Date of Award

Spring 2011

Project Type

Dissertation

Program or Major

Physics

Degree Name

Doctor of Philosophy

First Advisor

Amitava Bhattacharjee

Abstract

Kinetic plasma behaviors have long been of interest to those studying space and laboratory plasmas. For instance, kinetic plasma instabilities are widely believed to be responsible for the generation of anomalous resistivity in reconnection layers, providing a possible mechanism for fast reconnection. The concept of Landau damping is fundamental to such wave kinetic instabilities in space, and is treated typically within the framework of the collisionless Vlasov equation. It has become clear in recent theoretical and experimental work that weak collisions are a singular perturbation on the collisionless theory, and qualitatively alter the results of the collisionless theory. In particular, it has been demonstrated by C. S. Ng, A. Bhattacharjee, and F. Skiff that the Case-Van Kampen continuous spectrum, which are the underlying eigenmodes of the collisionless system, are completely eliminated and replaced by a discrete spectrum (hereafter referred to as the NBS spectrum). The NBS spectrum includes Landau-damped roots as exact eigenmodes, but is significantly broader, including a larger spectrum of discrete roots.

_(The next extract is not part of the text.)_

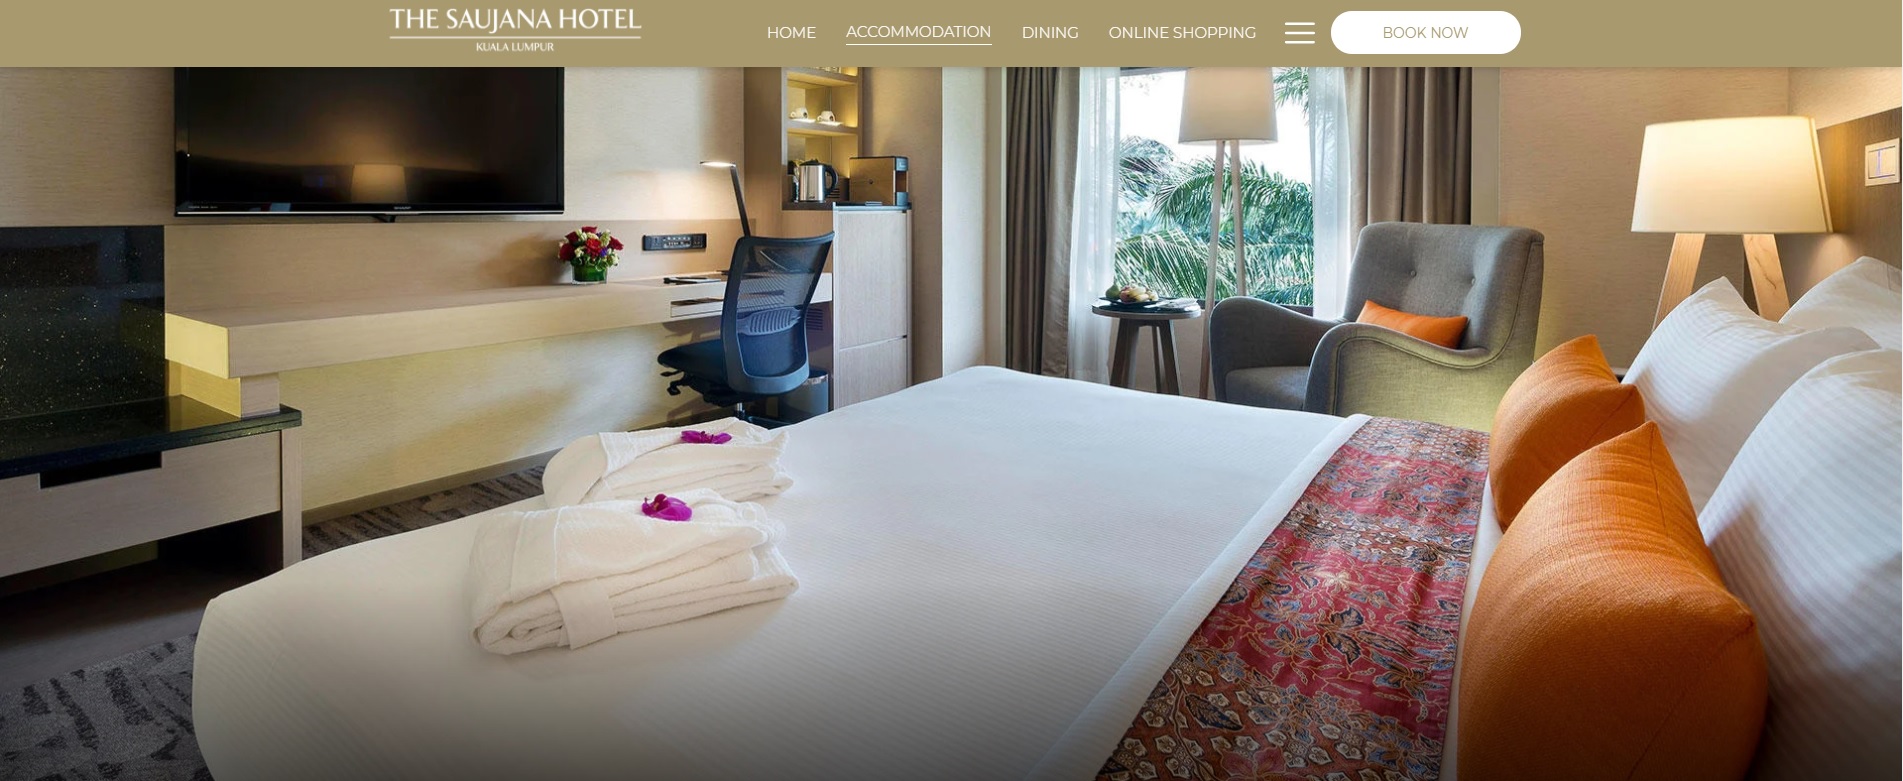 The Saujana Hotel is one of the first few hotels currently available on SafeQ

We discuss the implications of these results for two nonlinear applications, the plasma wave echo and the ion acoustic instability, by means of a new Vlasov code that has been modified to include the Lenard-Bernstein collision operator. We show that the existing collisional theories for the echo, which fail to account for the discrete collisional spectrum, come close, but do not quite yield the appropriate collisional damping rates. Of greater practical importance to problems involving dissipation and anomalous transport is the generation of anomalous resistivity due to microinstabilities. As a specific example, we consider the ion acoustic wave. We compare our numerical findings with the anomalous resistivity estimates of A. Galeev and R. Z. Sagdeev for both collisionless and weakly collisional systems. In the regime of applicability of the theoretical estimates, the agreement is good within an order of magnitude.